ST表用模板,维护([i,i + 2^j - 1])这个区间的LCA
时间复杂度为预处理(O(nlogn))
查询(O(mlogn))
#include <iostream>
#include <cstdio>
#include <cmath>
#include <cstring>
using namespace std;
const int N = 3e5 + 5;
int st[N][22];
struct Edge{
int to, next;
}e[N << 1];
int head[N], tot;
void add(int u, int v){
e[++tot].to = v;
e[tot].next = head[u];
head[u] = tot;
}
int depth[N], fa[N][22], lg[N];
void dfs(int u, int fath) {//初始化fa[u][i]与depth[u]
fa[u][0] = fath, depth[u] = depth[fath] + 1;
for(int i = 1; i <= lg[depth[u]]; i++)//定理
fa[u][i] = fa[fa[u][i - 1]][i - 1];
for(int i = head[u]; i; i = e[i].next){
int v = e[i].to;
if(v != fath)
dfs(v, u);
}
}
int LCA(int x, int y) {//求两个点的最近公共祖先
if(depth[x] < depth[y]) swap(x, y);
while(depth[x] > depth[y])
x = fa[x][lg[depth[x] - depth[y]] - 1];//到同一深度
if(x == y) return x;
for(int k = lg[depth[x]] - 1; k >= 0; k--)//向上跳,一直到LCA的下一个结点
if(fa[x][k] != fa[y][k])
x = fa[x][k], y = fa[y][k];
return fa[x][0];
}
int Query(int l, int r){
int k = log2(r - l + 1);
return LCA(st[l][k], st[r - (1 << k) + 1][k]);
}
int main(){
int n, m;
while(~scanf("%d", &n)){
memset(depth, 0, sizeof(depth));
memset(head, 0, sizeof(head));
memset(fa, 0, sizeof(fa));
tot = 0;
for(int i = 1; i < n; i++){
int u, v;
scanf("%d%d", &u, &v);
add(u, v); add(v, u);
}
for(int i = 1; i <= n; i++){
st[i][0] = i;
lg[i] = lg[i - 1] + (1 << lg[i - 1] == i);
}
dfs(1, 0);
for(int j = 1; j <= log2(n / 2) + 1; j++)
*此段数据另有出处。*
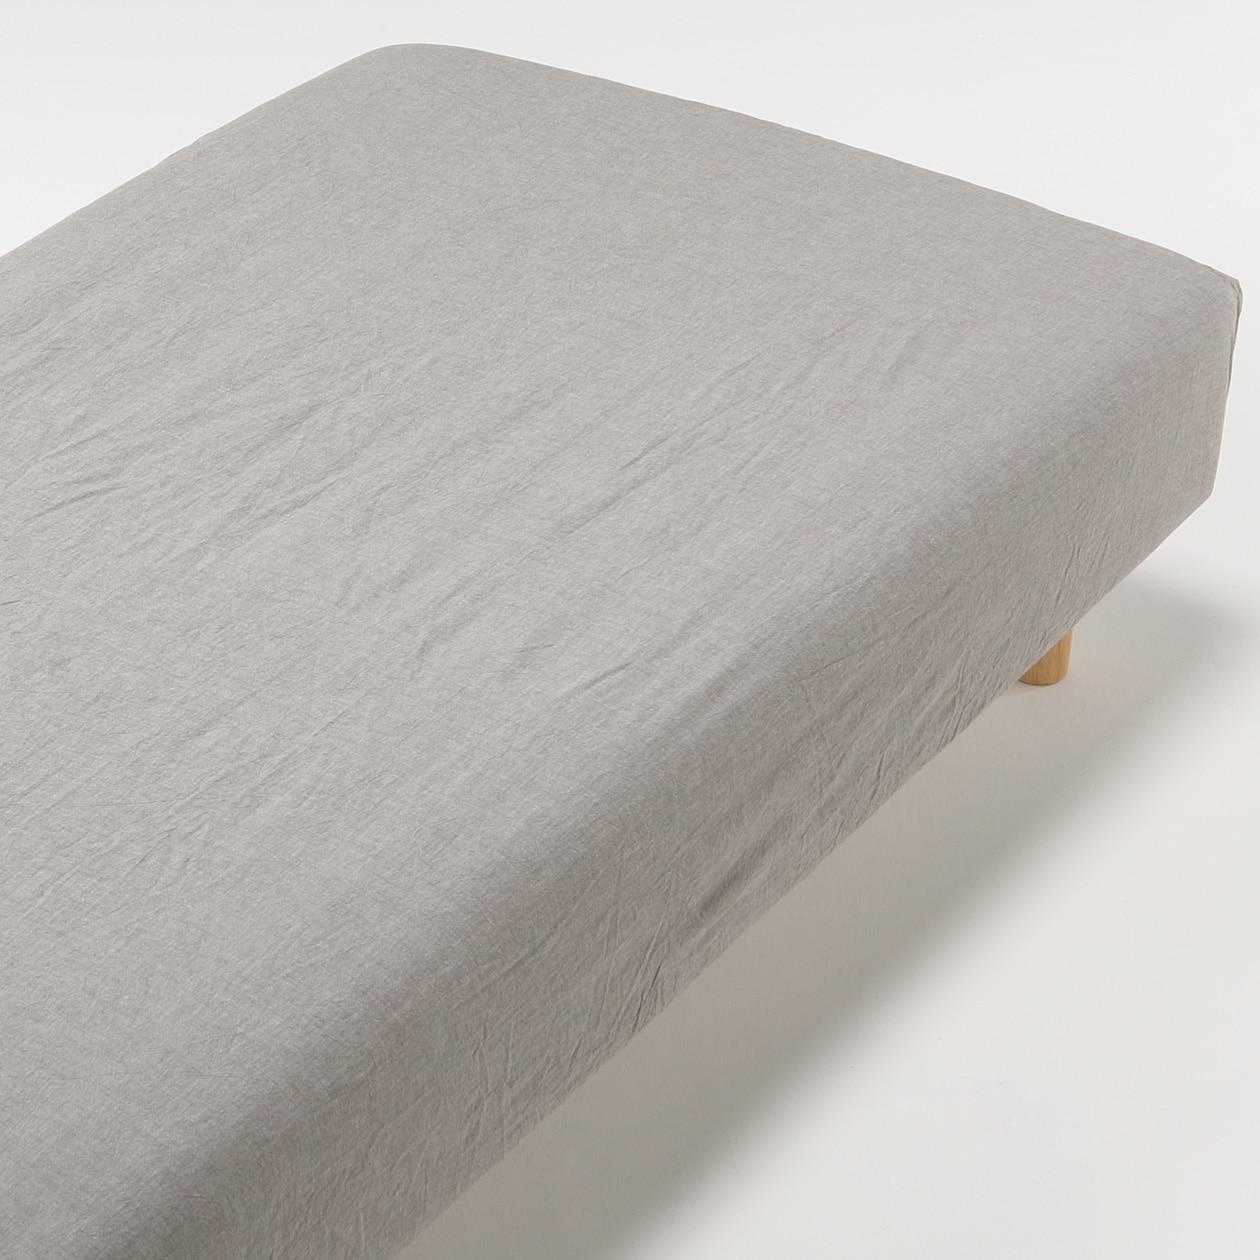 RoomClip商品情報 - オーガニックコットン洗いざらしボックスシーツ・SS/生成 SS/ブラウン

for(int i = 1; i + (1 << j) - 1 <= n; i++)
st[i][j] = LCA(st[i][j - 1], st[i + (1 << (j - 1))][j - 1]);
scanf("%d", &m);
for(int i = 1; i <= m; i++){
int l, r;
scanf("%d%d", &l, &r);
printf("%d
", Query(l, r));
}
}
return 0;
}